The `getDatumTextSliceZ` actually resembles the `text_to_cstring` function, which we might want to use in the future instead. In `Zig` a string is a slice, which is a fat pointer (pointer + length field). The type `[:0]const u8` represents a slice with 0 terminator (fun fact, Zig gives you a stack traces if you forget to write the terminator into your buffer). Initially we implemented this function directly so we can directly initialize the fat pointer without having to get the string length after doing the conversion.

We added C to our code base later in time to allow us to wrap simple cases more easily without having to reproduce Postgres code in Zig. I guess we should revisit `getDatumTextSliceZ` :). Either have a small C wrapper over `text_to_cstring` that also returns the length or just bite the bullet and do a `strlen` after.

Another motivator to try to fix the VARATT/VARDATA macros was to allow developers to use those in their own extensions. Looking at some extensions in contrib we find e.g. `VARDATA_ANY` or `VARSIZE_ANY_EXHDR` being used quite a bit.


No TLE support is a not a goal. Languages/extensions in Postgres should only be marked as trusted if you can guarantee that they do not access Postgres internals or even the file filesystem. With Zig and in pgzx in particular we can not guarantee this to be the case.

With pgzx we provide you a number of utilities on top of the C API. But depending on the extension you are working on you might heavily use the Postgres internals and their C APIs as is.

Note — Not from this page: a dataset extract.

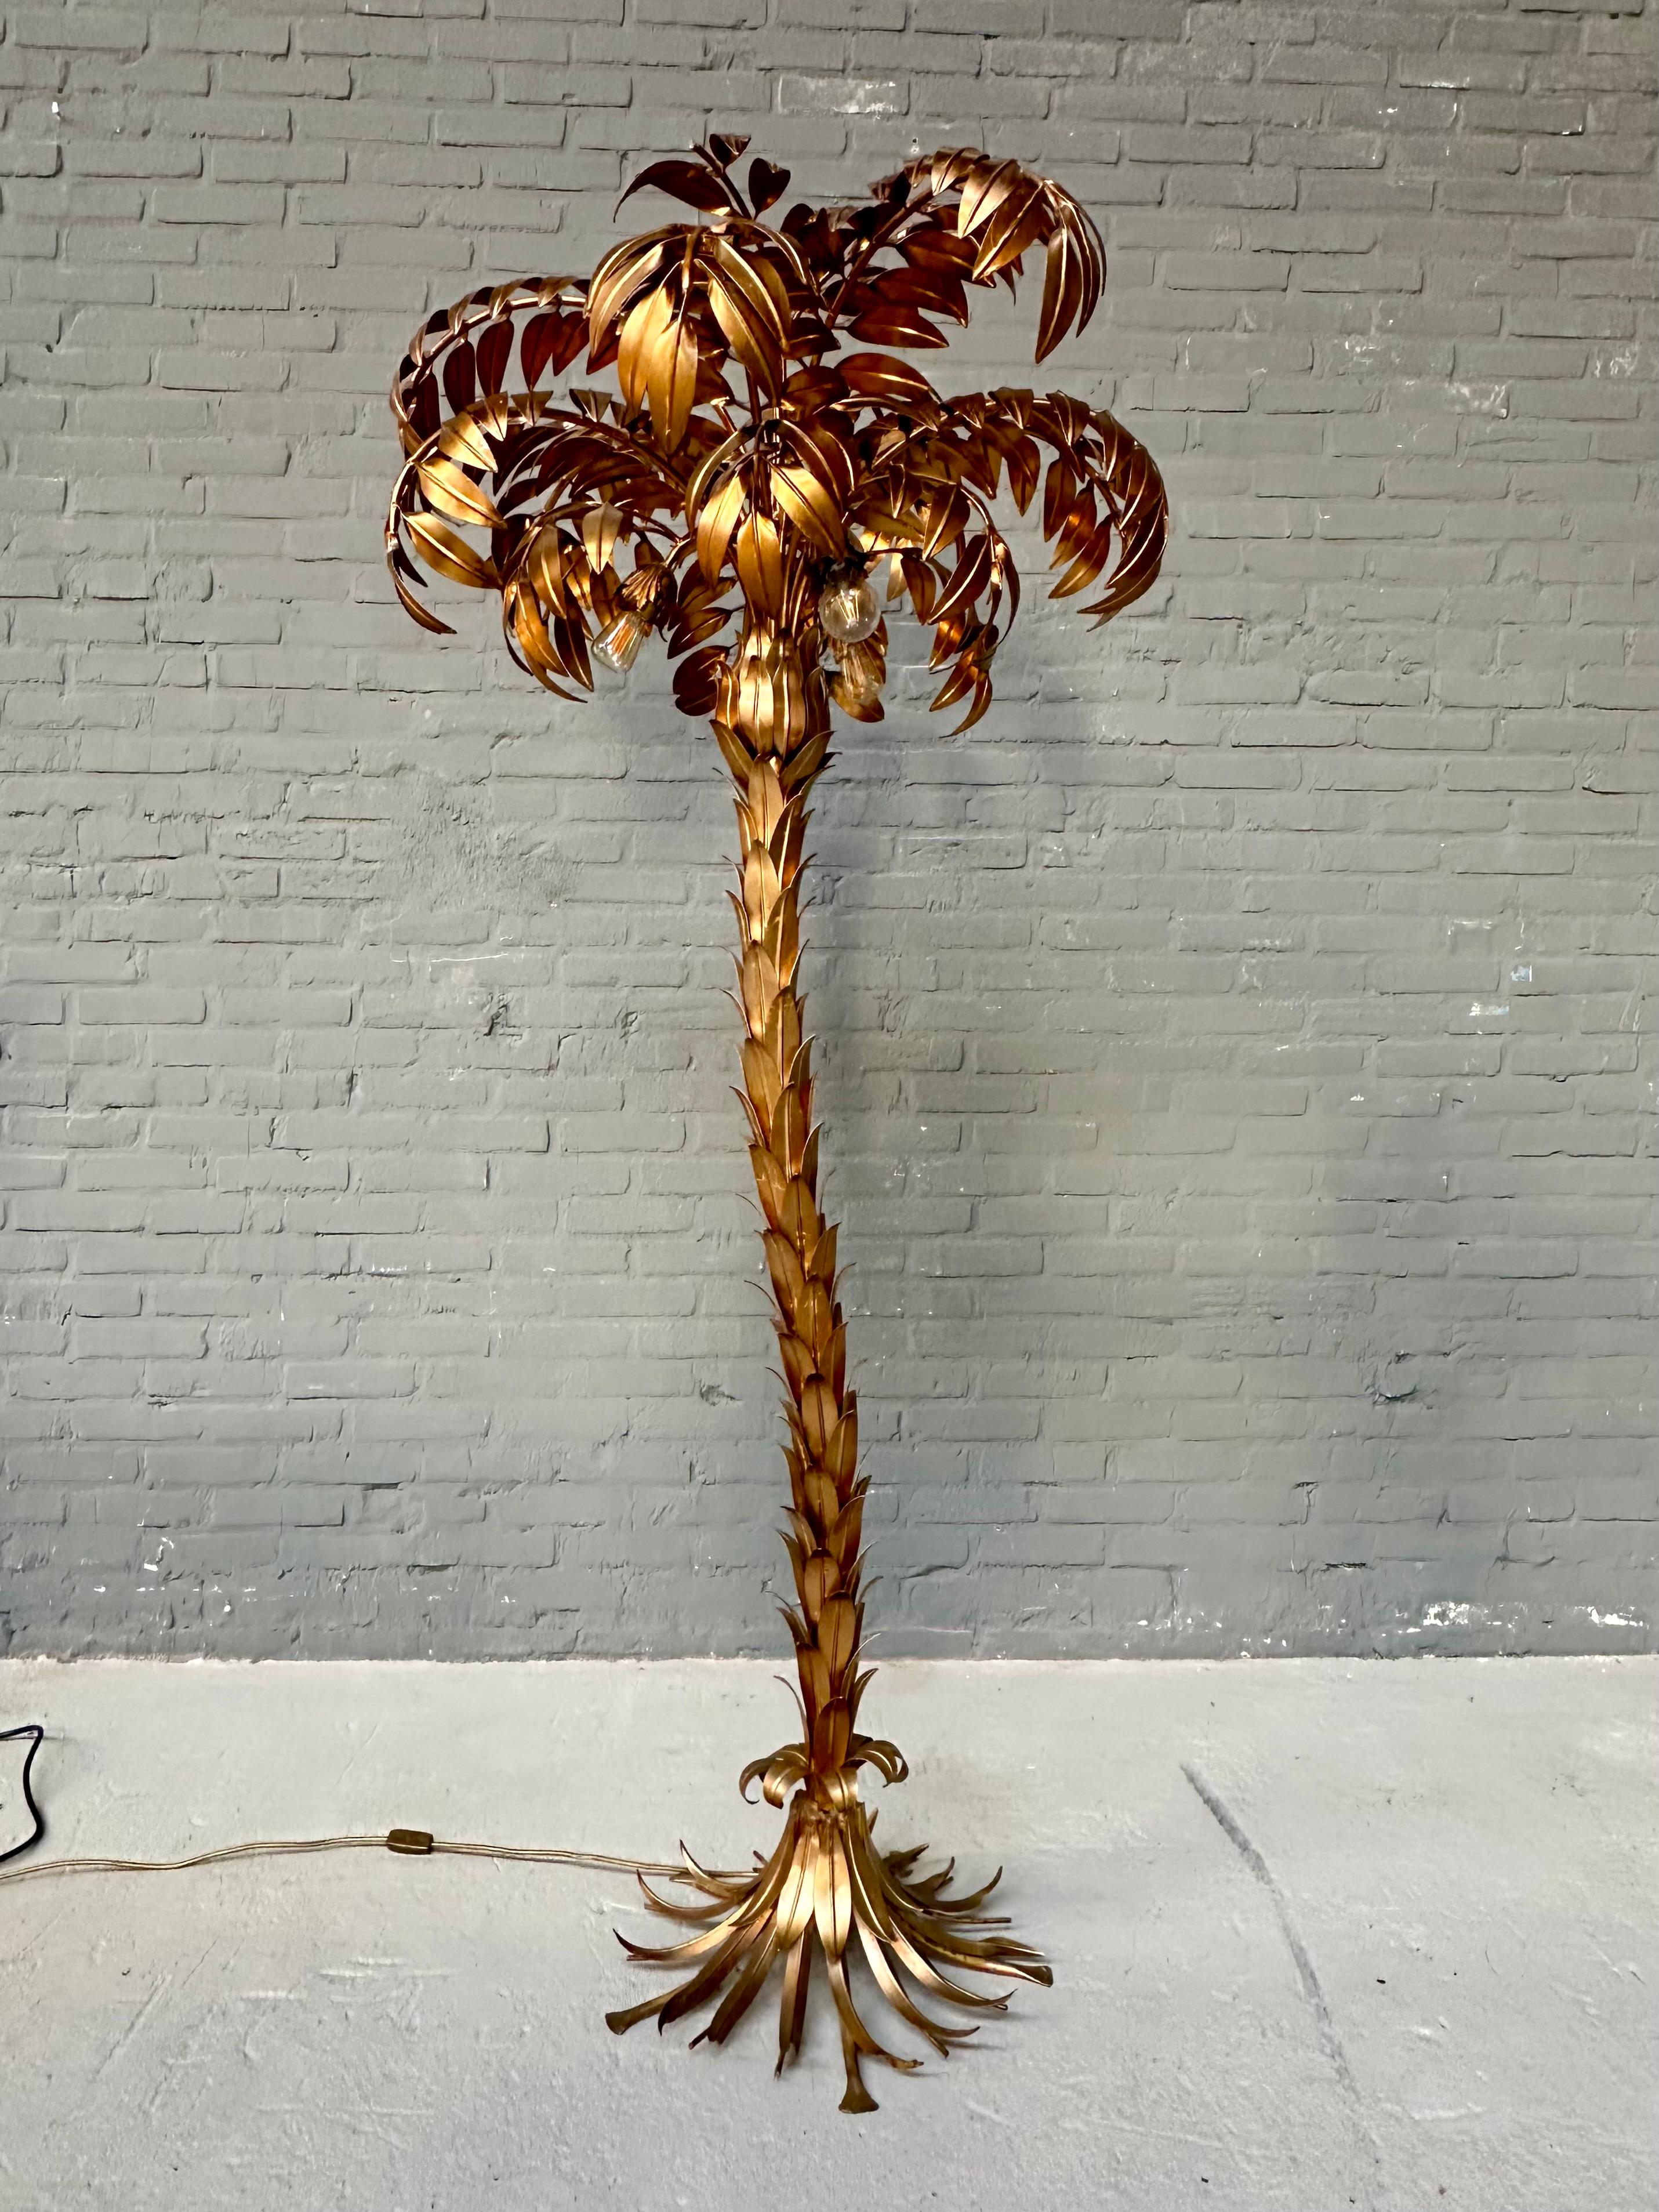 Probably the most iconic piece of art designed by the German Hans Kogl.
The large gilded metal palm tree floorlamp. Designed and manufactured starting in Germany in the seventies. This impressive floorlamp has 3 light points which give a magnificent

Postgres has support for a number of languages. Some having their own strenghts or weaknesses. One strength of Zig is its closeness to C, while providing a many quality of live improvements over C (optional types instead of null pointer, generic data structures, ...). This makes it a formidable choice for extensions that want to integrate deeply with the Postgres internals.


If I suddenly had unlimited resources and attention, I'd really like to provide infrastructure to write trusted functions by running them via a webassembly runtime, with a small injected safe surface for accessing postgres functionality. That'd make it a lot easier to write trusted PLs in a variety of languages. Still probably needs a bit of per-language sugar on top, but a lot less than doing it from scratch.

Edit: Minor grammar fix


I don't know much about it, but I think this has been tried?

https://dylibso.com/blog/pg-extism/

Looking at the repo though it looks like it hasn't been updated in a while.


we're actually working on a new version of this, which _does_ support TLE! if you're interested, please join https://extism.org/discord and we can get you a preview.


Oh wow, that is really cool.


Hehe :)

I also have WASM in mind when thinking about future TLE support :)


Oracle, IBM and Microsoft have been doing that for decades with JVM, CLR and TIMI, yet another use case where Webassembly is a follower.